** Opening RECORDS FOR THE EXERCISE block **
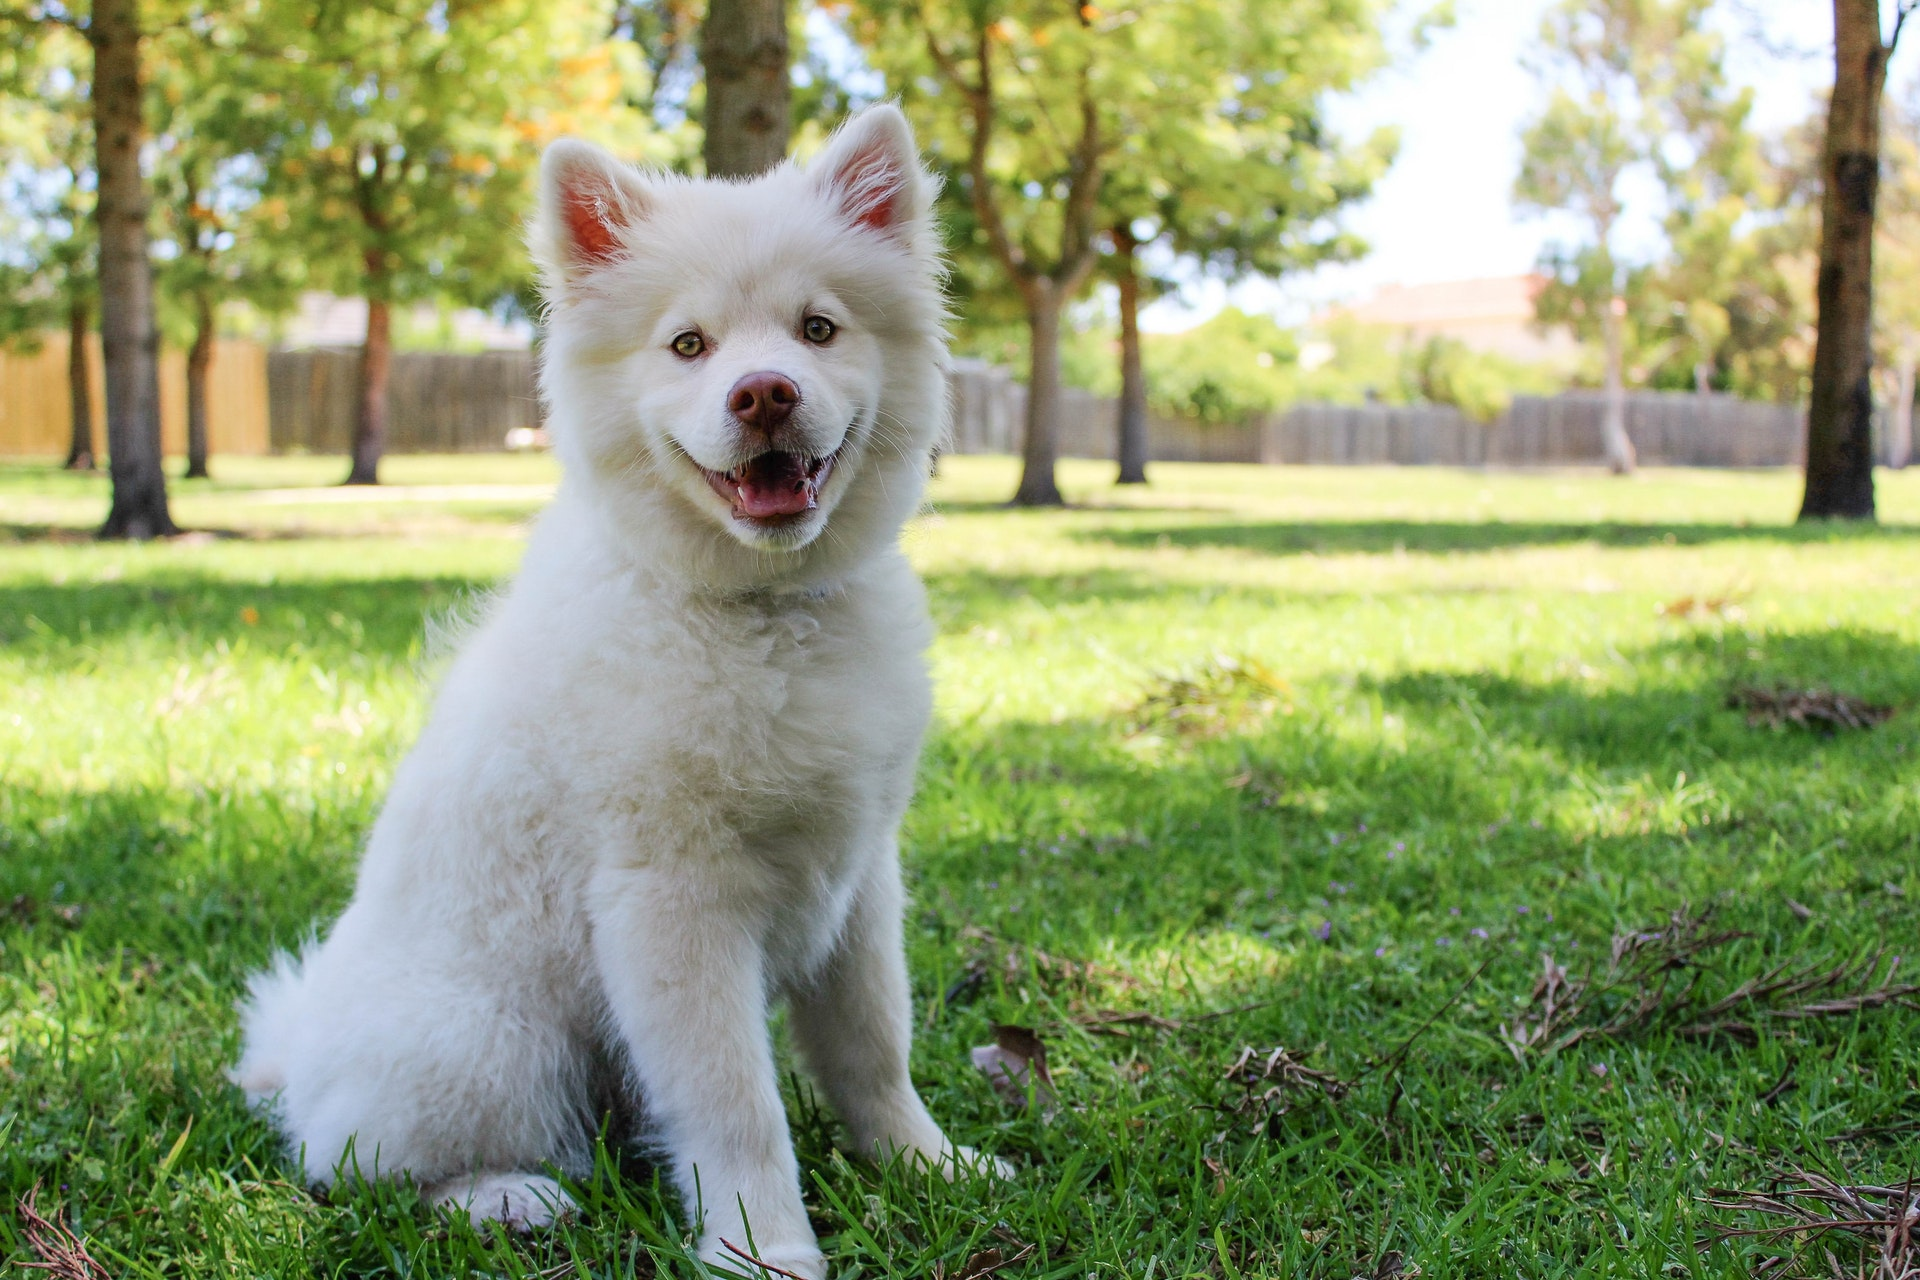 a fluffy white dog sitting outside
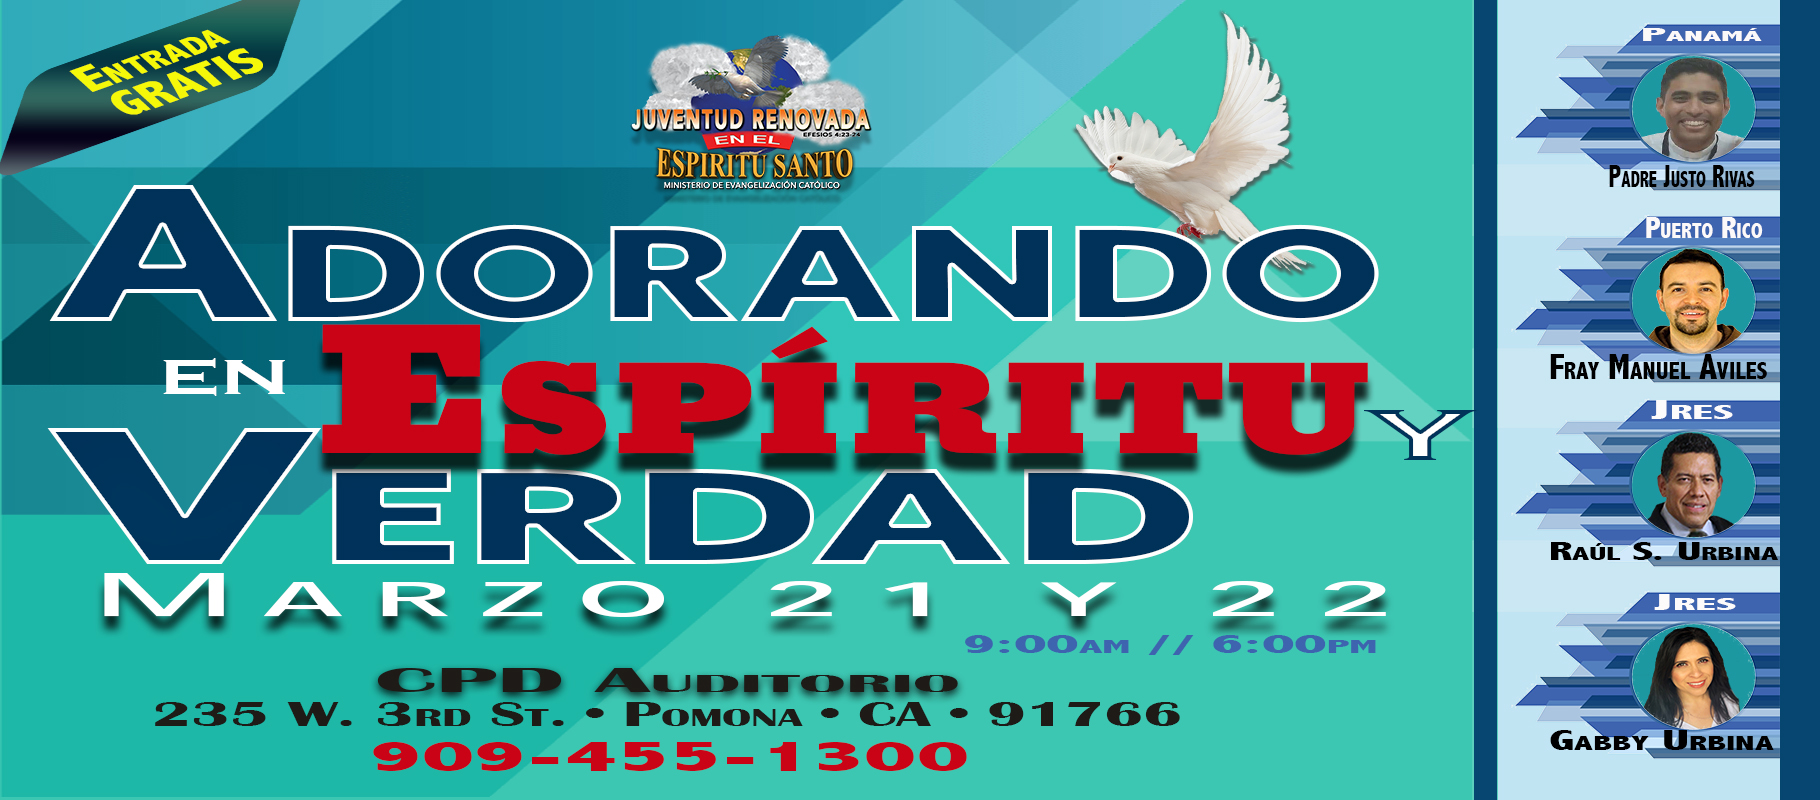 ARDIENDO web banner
** Closing RECORDS FOR THE EXERCISE block **
** Opening RECORDS FOR THE EXERCISE block **
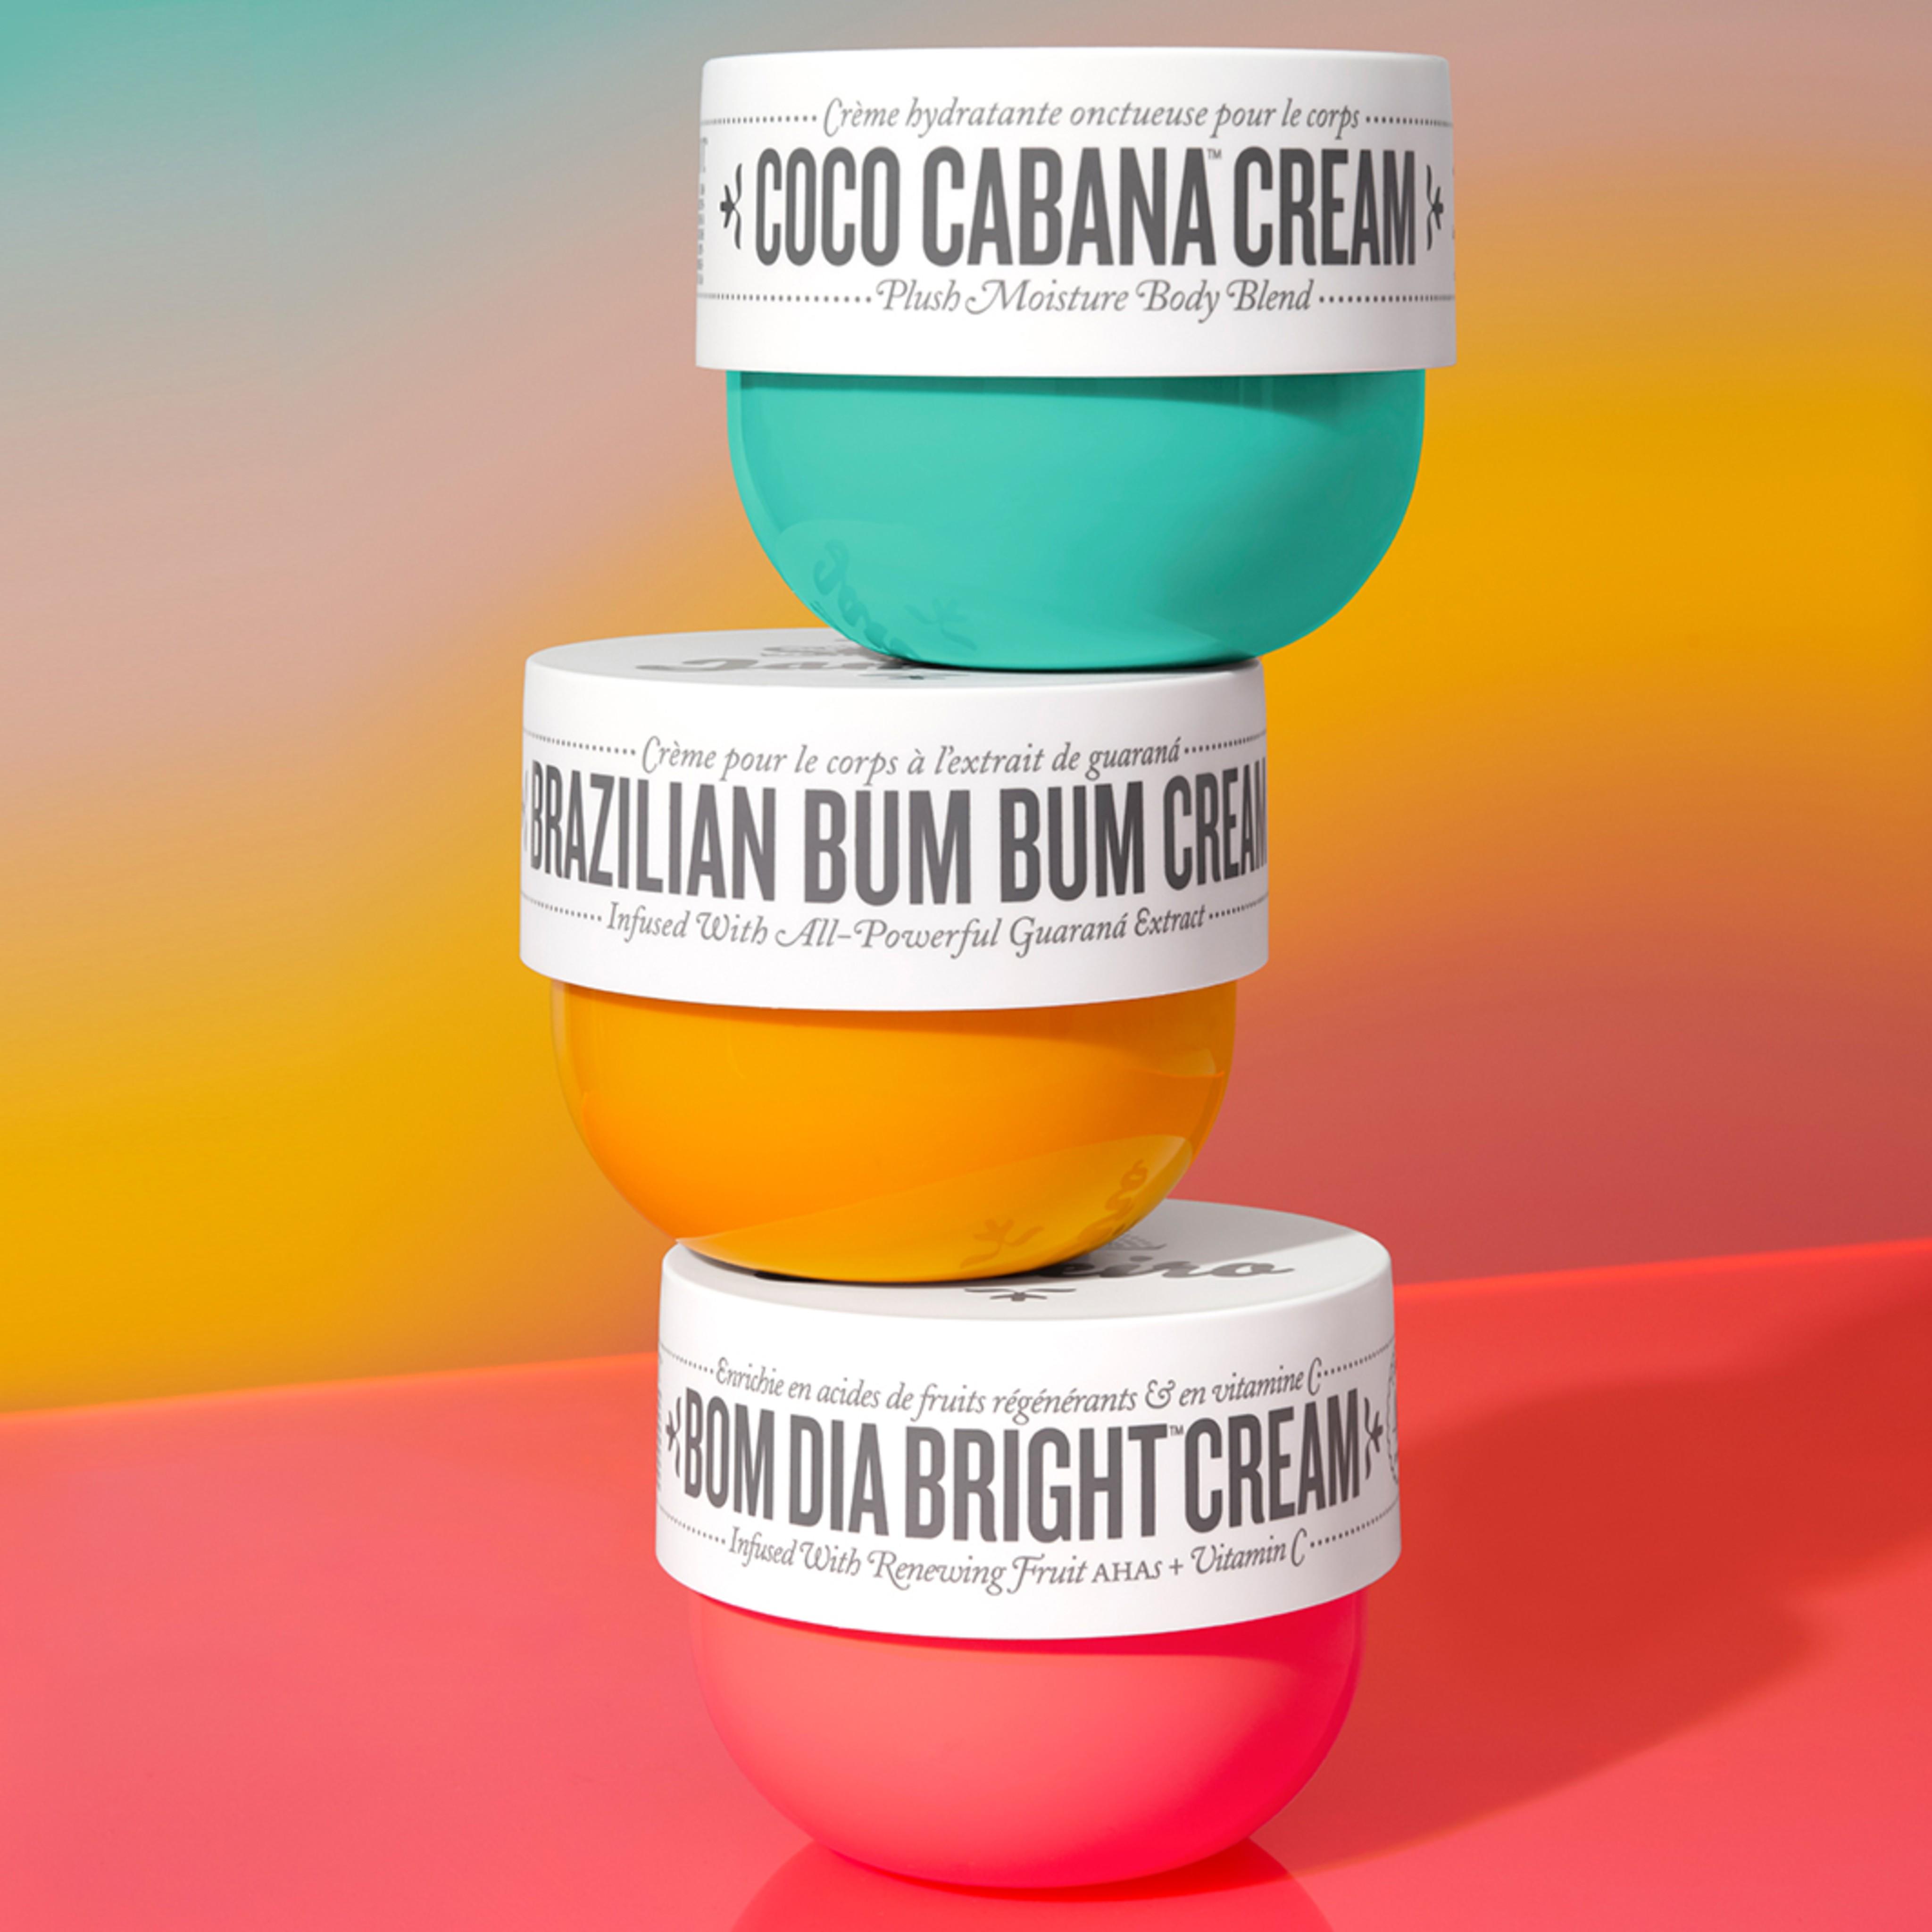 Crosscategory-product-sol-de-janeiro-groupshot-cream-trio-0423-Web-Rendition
** Closing RECORDS FOR THE EXERCISE block **
Set the pictures aside and transcribe exactly the stretch of lines above, beginning with the one holding "a fluffy white dog sitting outside" and ending with the one holding "ARDIENDO web banner".

 a fluffy white dog sitting outside
 ARDIENDO web banner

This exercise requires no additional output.